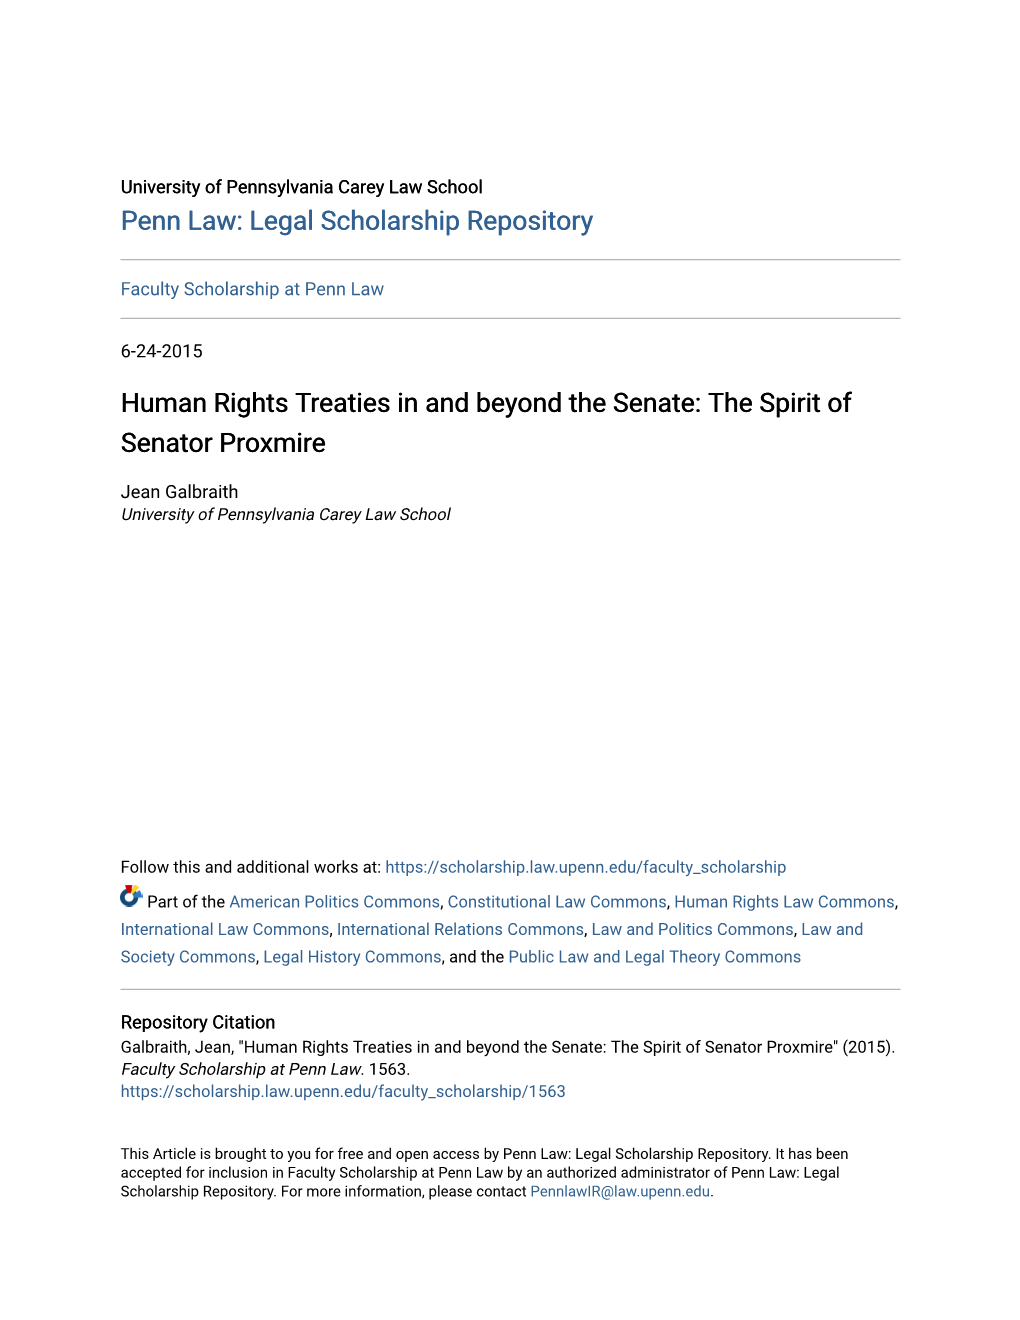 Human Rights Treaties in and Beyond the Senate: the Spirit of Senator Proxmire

★ ★ ★ ★ ★ ★ ★

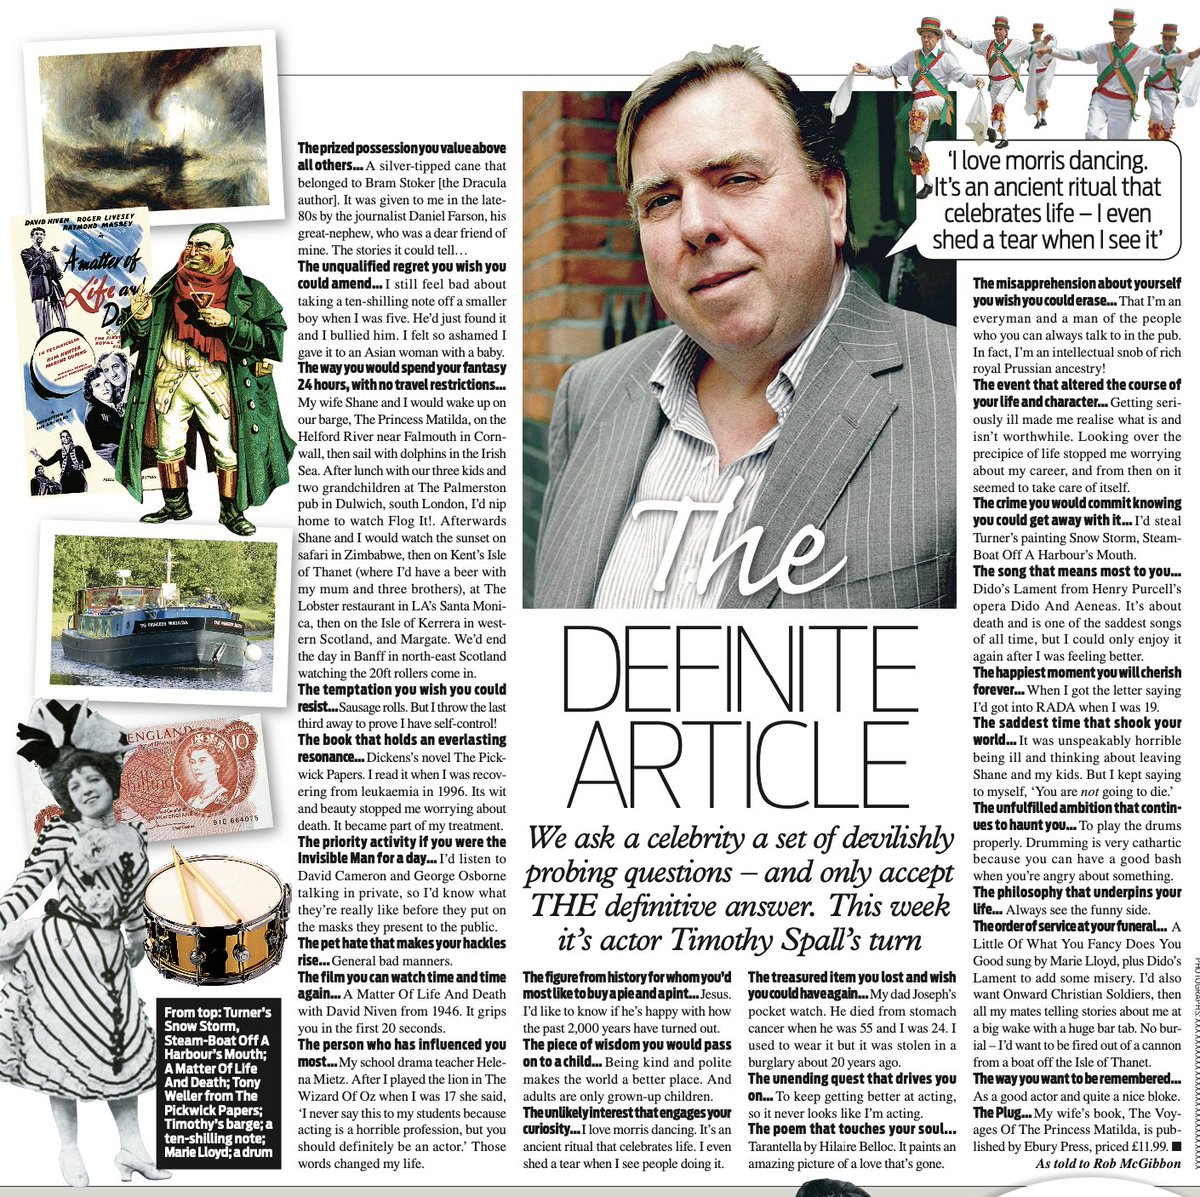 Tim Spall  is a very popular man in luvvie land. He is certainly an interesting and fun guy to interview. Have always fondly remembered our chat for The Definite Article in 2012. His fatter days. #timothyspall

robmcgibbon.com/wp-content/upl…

★ ★ ★ ★ ★ ★ ★

WORK ORDER
Transcribe the lines above exactly, beginning at the one with "fatter days. #timothyspall" and ending at the one with "robmcgibbon.com/wp-content/upl…". Include both; exclude the pictures.

OUTPUT OF THE TASK
 Tim Spall  is a very popular man in luvvie land. He is certainly an interesting and fun guy to interview. Have always fondly remembered our chat for The Definite Article in 2012. His fatter days. #timothyspall

robmcgibbon.com/wp-content/upl…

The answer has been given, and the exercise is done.